* _DIRECTIONS_
Each line below is to be repeated exactly; any picture is to be left out.

* _RECORDED INFORMATION_
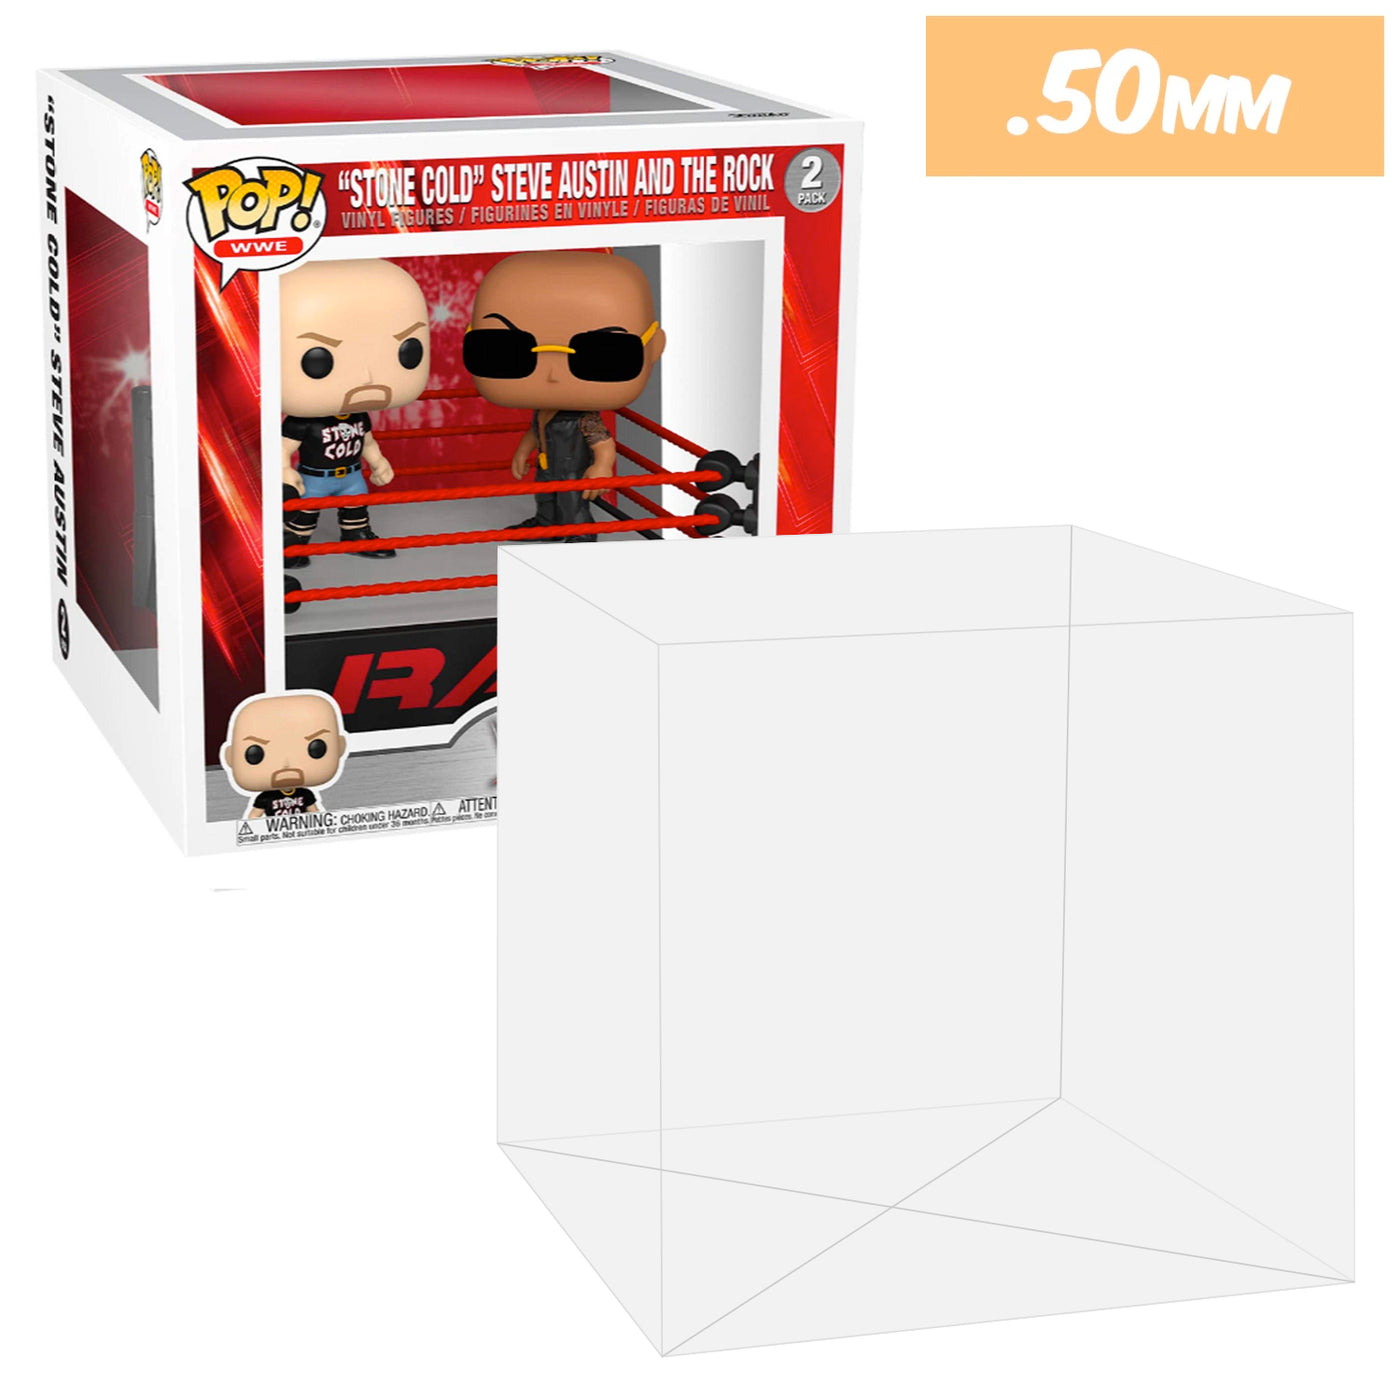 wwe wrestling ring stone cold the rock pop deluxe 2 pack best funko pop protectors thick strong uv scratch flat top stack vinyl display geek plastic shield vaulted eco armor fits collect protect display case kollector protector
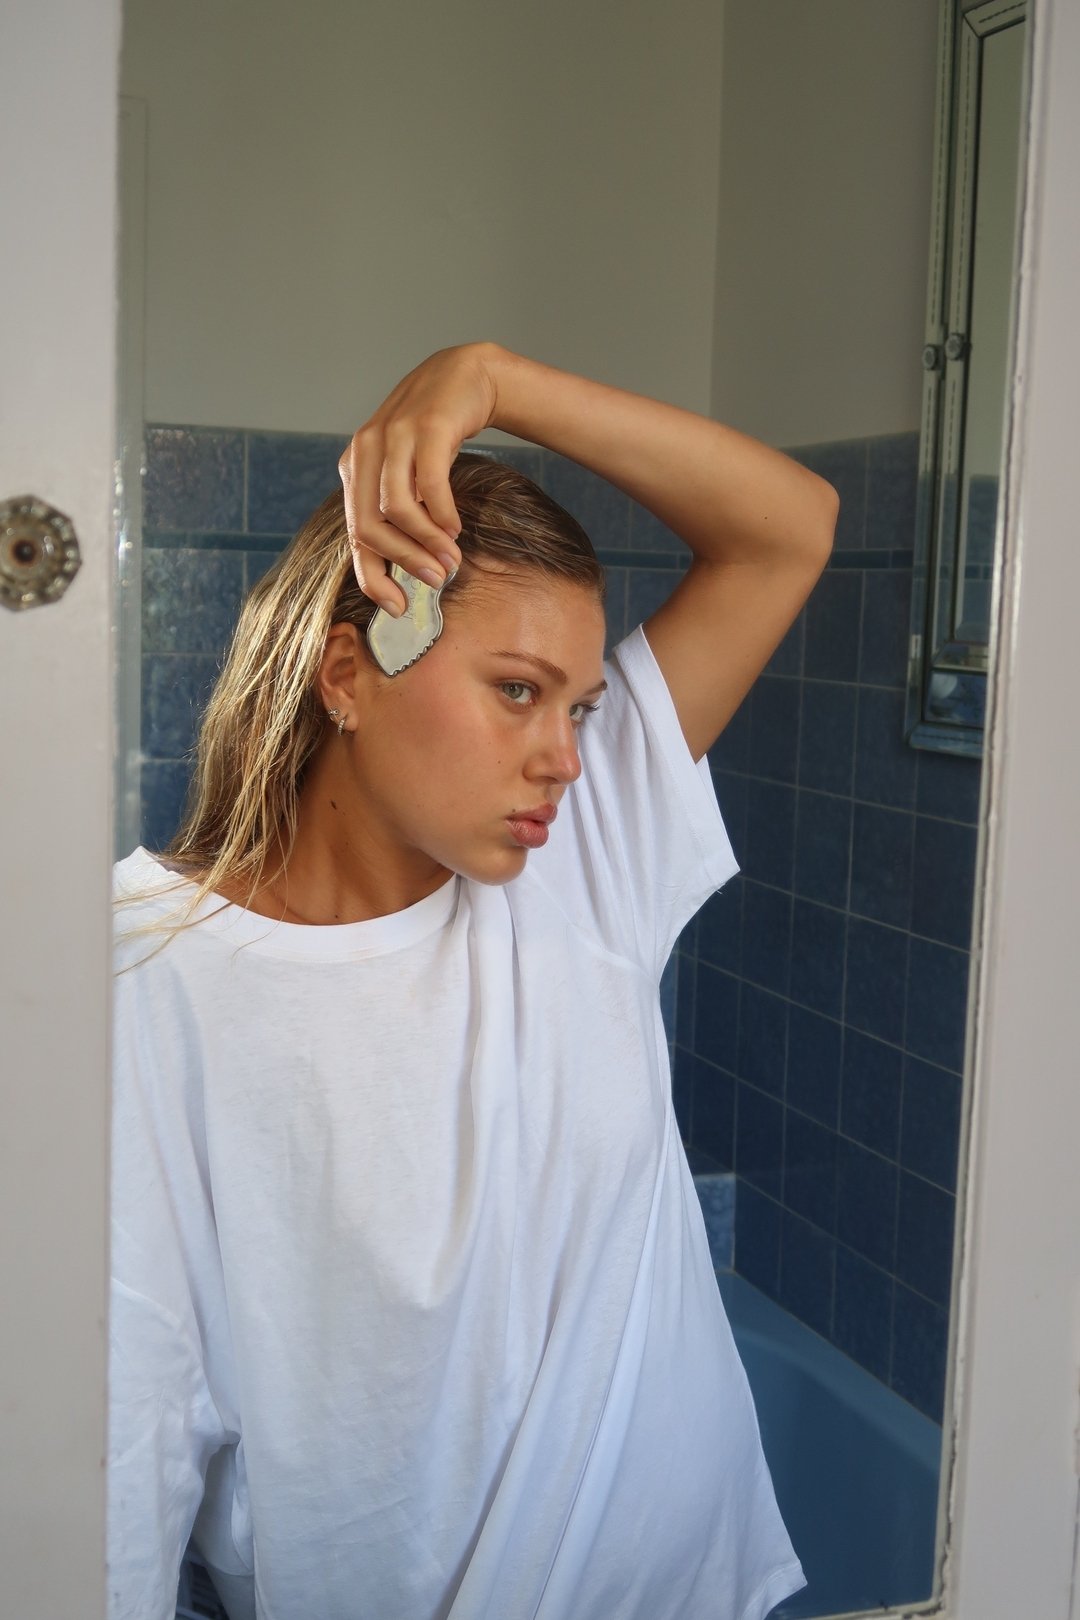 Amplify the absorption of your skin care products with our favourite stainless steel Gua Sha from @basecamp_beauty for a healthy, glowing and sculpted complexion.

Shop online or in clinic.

* _WRITTEN RESPONSE_
 wwe wrestling ring stone cold the rock pop deluxe 2 pack best funko pop protectors thick strong uv scratch flat top stack vinyl display geek plastic shield vaulted eco armor fits collect protect display case kollector protector
 Amplify the absorption of your skin care products with our favourite stainless steel Gua Sha from @basecamp_beauty for a healthy, glowing and sculpted complexion.

Shop online or in clinic.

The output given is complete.